I don't think you'll find an issue doing a few reps of 40-50% of your max. That's definitely not something taxing.

You can do that for the press.

However you can't do that for the Pullup. Unless you can do a Pullup with your Bodyweight added, then you can't quite get to 40-50% of a 1RM. With your current 1RM, an unweighted pull up is already like 80% of it. You could use some bands to assist you I suppose.
 
Hey

Did you stay on pttp or switch over to the bear (for pullups)?

I woukd imagine the bear woukd take a lot longer but would give you the size.

Richard
 
Hey

Did you stay on pttp or switch over to the bear (for pullups)?

I woukd imagine the bear woukd take a lot longer but would give you the size.

Richard

Hey Richard

I'm still trying to milk out as many gains as I can on pttp while in a calorie deficit...i want to just get my neural strength up as much as I can and then I will focus on less frequent training program for size...i also want to wait to be consuming more calories for the bear program or any other hypertrophy program...
 
@macknumber, do 3 sets of PU: 5, 3, 2. This is the prescription from the most recent version of PTTP, anyway. That version isn't available in English but you make take my word for it that the Boss' prefers you to use the same weight and that rep scheme.
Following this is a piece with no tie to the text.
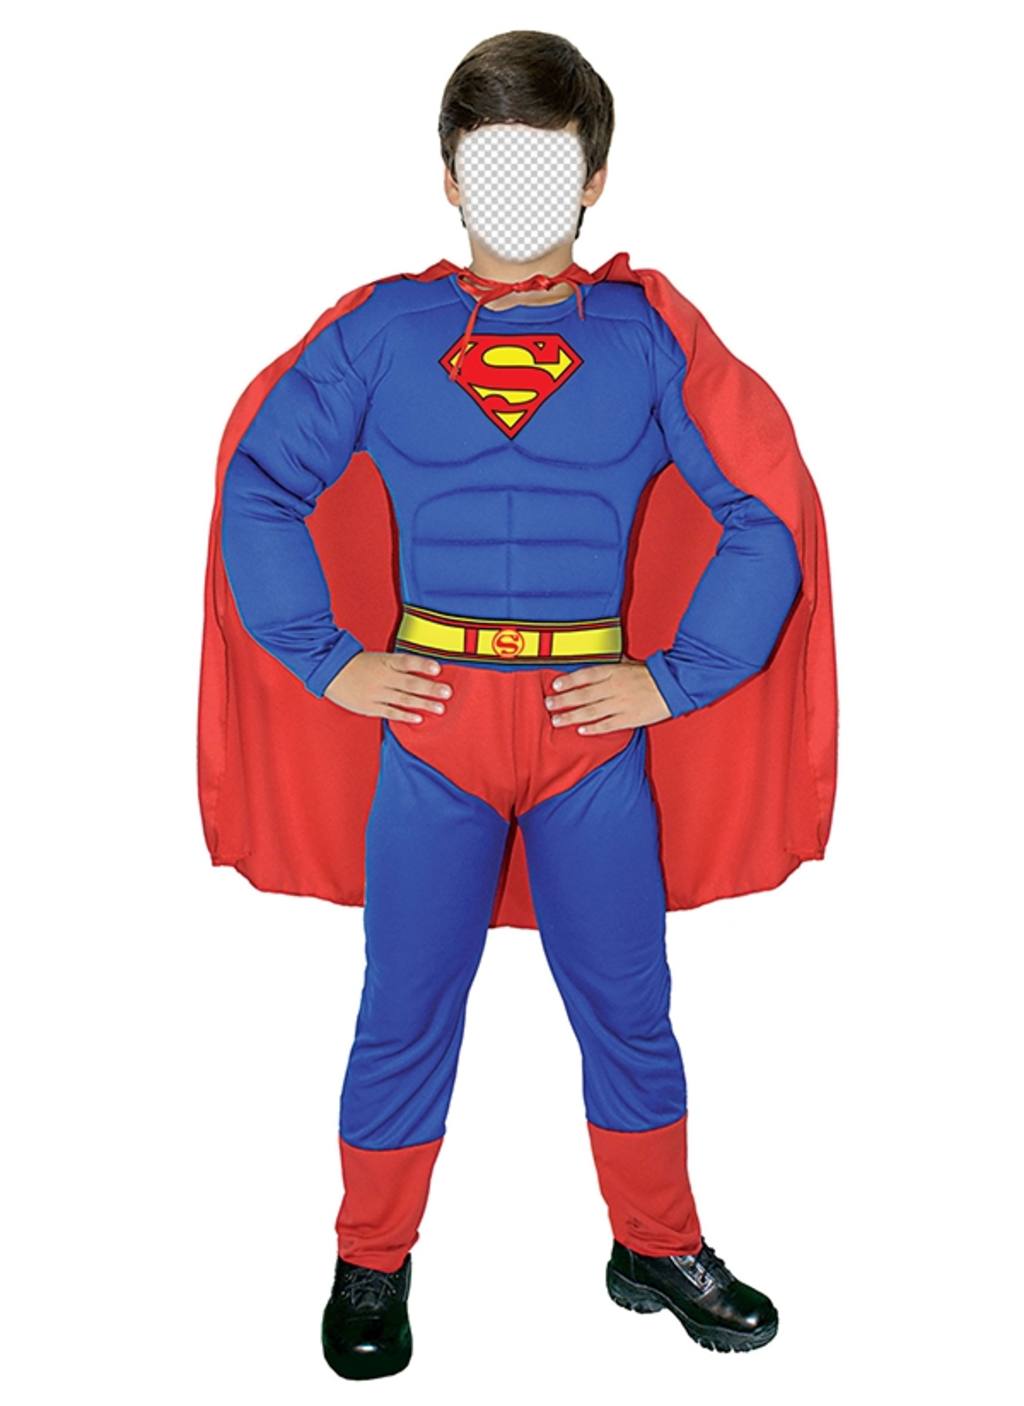 Freie Fotomontage dein Sohn zu verschleiern, wie Superman Ihr Gesicht in einem Superman-Kostüm mit blauen Anzug und roten Umhang Setzen ..

If you prefer the other rep scheme, just add a little something to your first set, and still try for 5, 3, 2, but 3 and 2 with bw-only, and see if you can work up to enough weight on the first set that bw-only will be a 10% drop.

Remember, the numbers are chosen to keep you far from failure and to maximize the neural aspect of strength - keep that your focus, and adjust the rep scheme as needed to fit your situation, e.g.

bw + 10 lbs x 2, bw-only x 3, x 2

and work to keep adding reps to the first set.

-S-
Hi Steve, what is this recent version of PTTP?
 
Hi Steve, what is this recent version of PTTP?
I haven't seen it myself, but I am told that for the Russian language version of PTTP, the change was made from two sets of five to three sets, 5-3-2, with the same weight. The lower reps on the second and third sets "take the place" of the lower weight with the same reps in the earlier program.